Soybean, corn futures prices boost agriculture producer sentiment

Agricultural producer sentiment about the industry's economy improved substantially in November, in part because of rallies in soybean and corn futures prices, according to a Purdue/CME Group Ag Economy Barometer report released last week.

The barometer, which is based on a monthly survey of 400 U.S. agricultural producers, jumped to 116 – the highest reading since October 2015, and up 24 points from the October 2016 reading of 92.

The shift was largely driven by the Index of Future Expectations, one of the barometer's components, which climbed to 130 in November, up from 95 in October.
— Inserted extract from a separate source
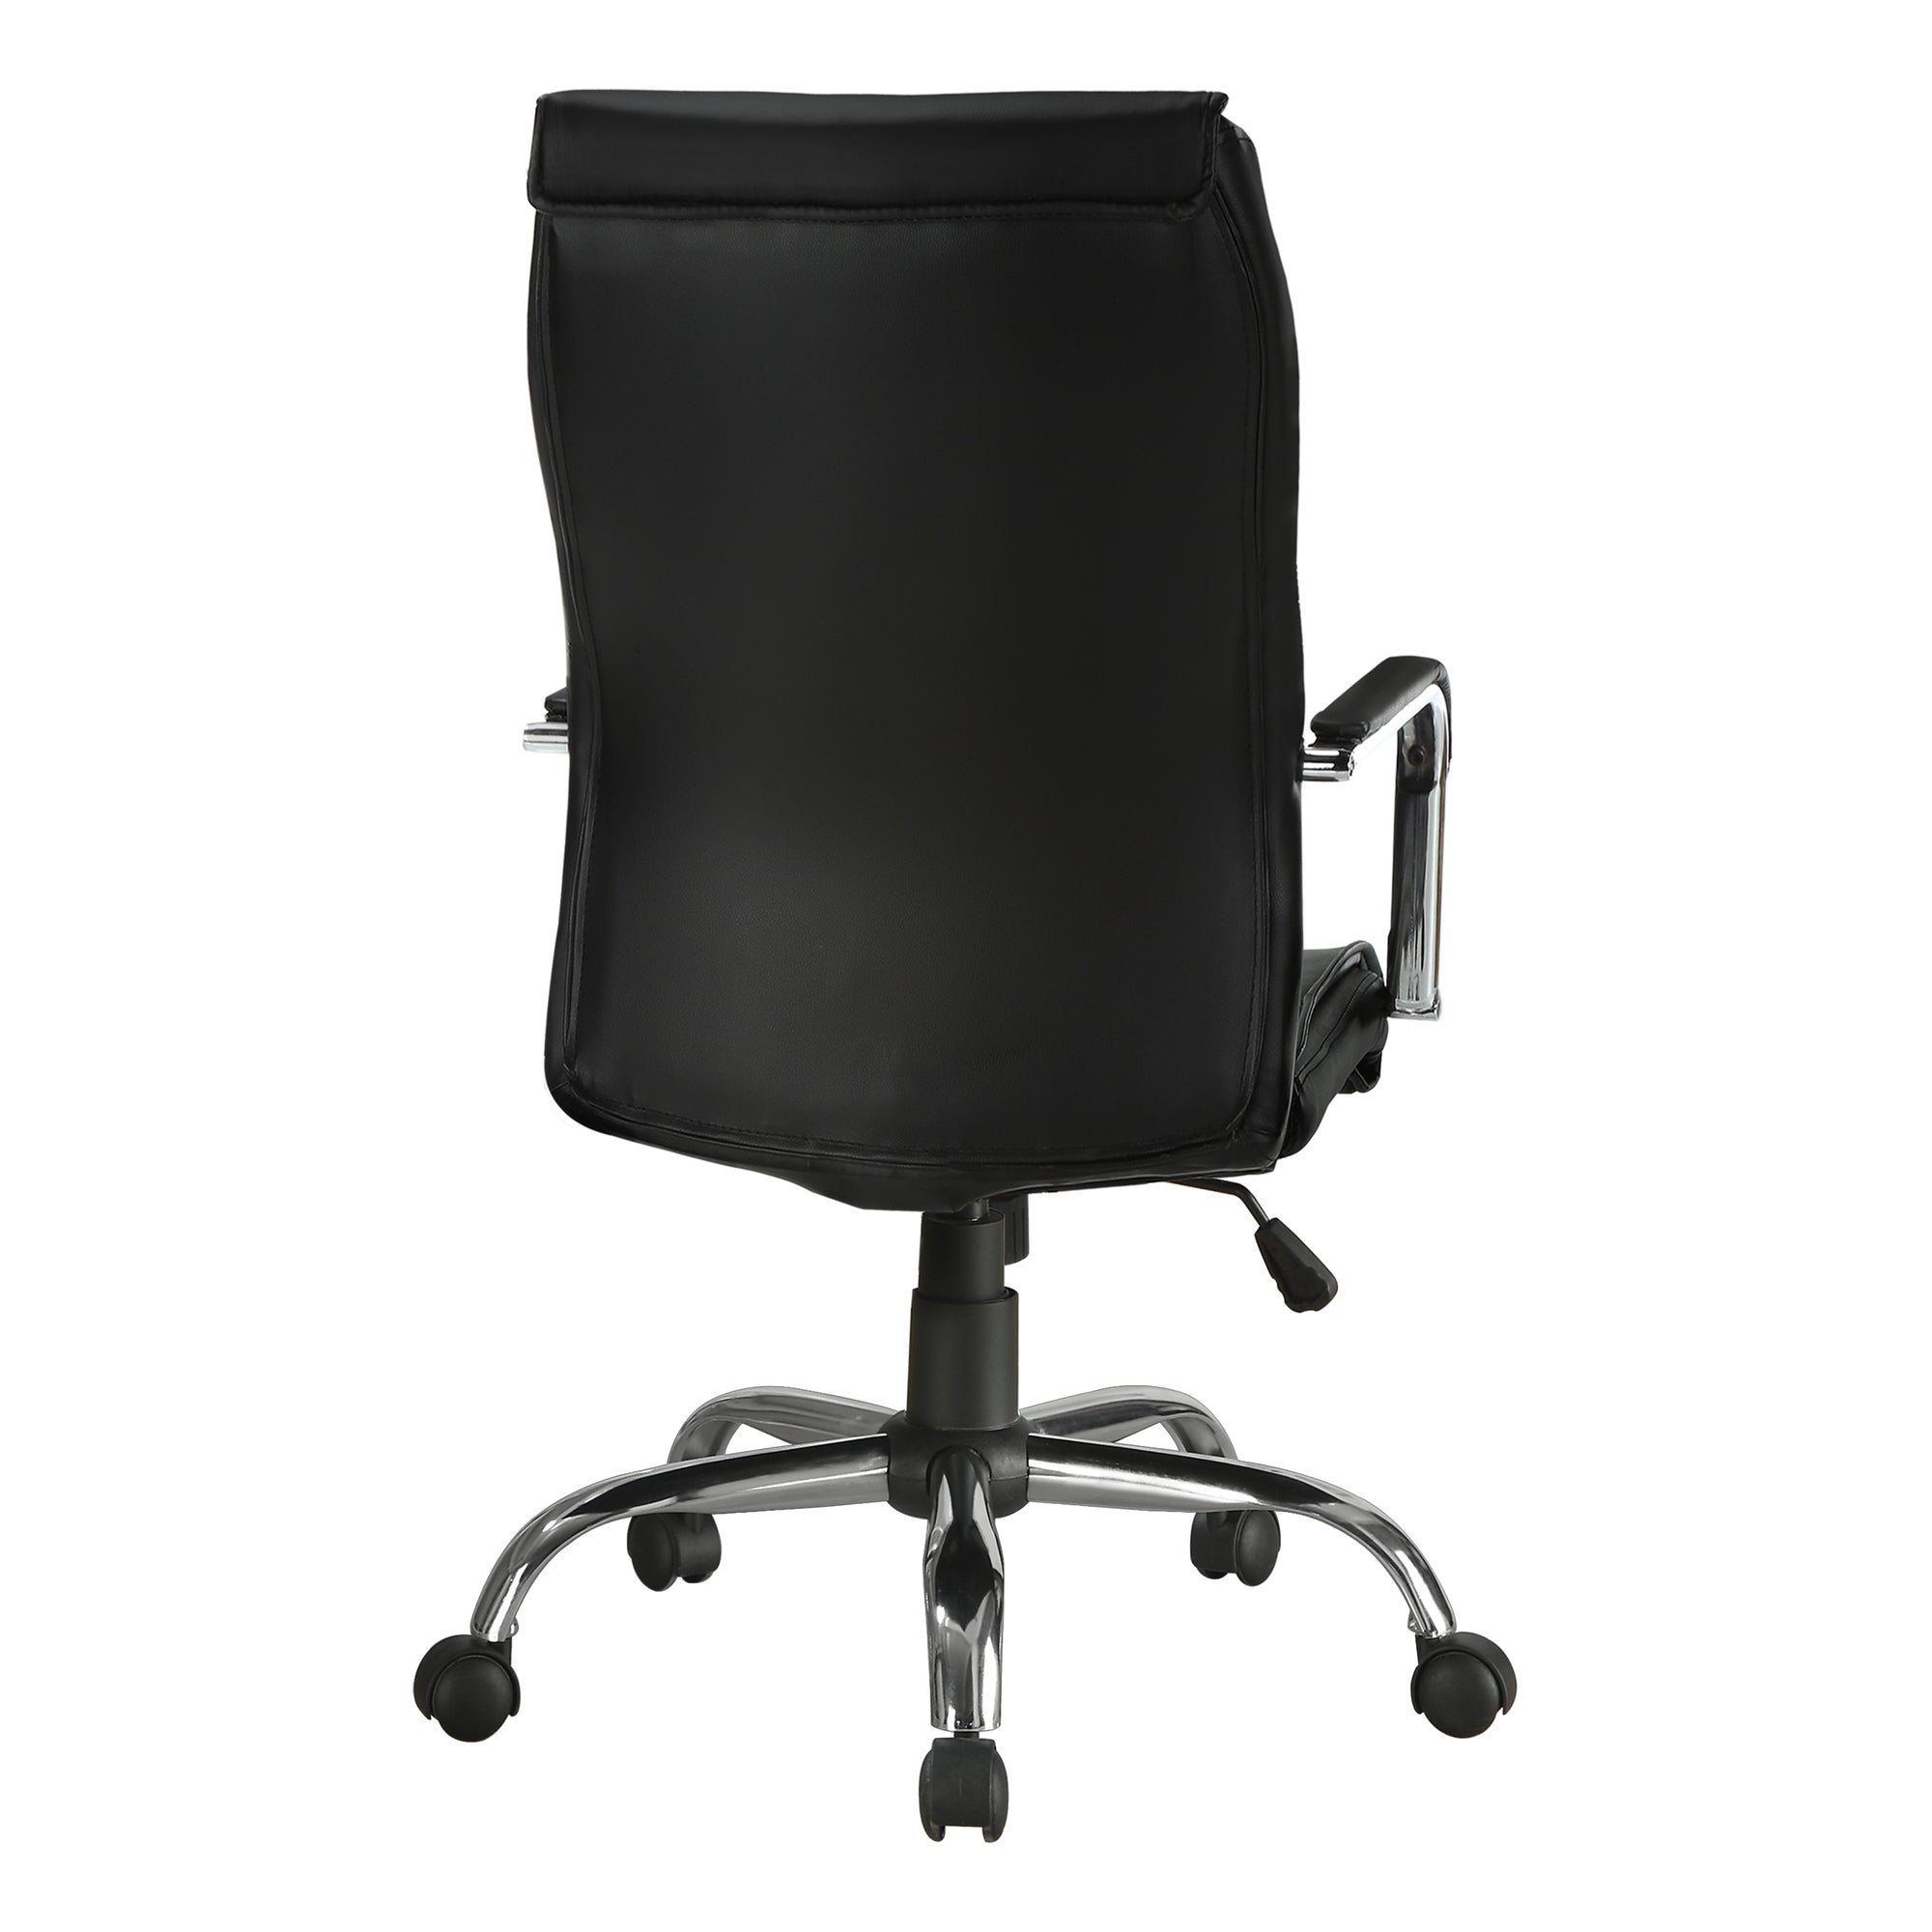 Office Chair - Black Leather-Look Fabric

The index of current conditions increased only slightly, from 85 in October to 87 in November.

"Producer sentiment about the future climbed partly because of a significant rally in futures prices for corn and especially soybeans this fall," Jim Mintert, barometer principal investigator and director of Purdue's Center for Commercial Agriculture, said. "The rally included not just nearby futures contracts, but extended to prices for both the 2017 and, to a lesser extent, 2018 harvests."

Recent November 2017 soybean futures prices were as much as 13 percent higher than August lows. Despite record corn and soybean harvests this fall that were expected to cause prices to decline, strong export demand and uncertainty around the South American crop offered support in November.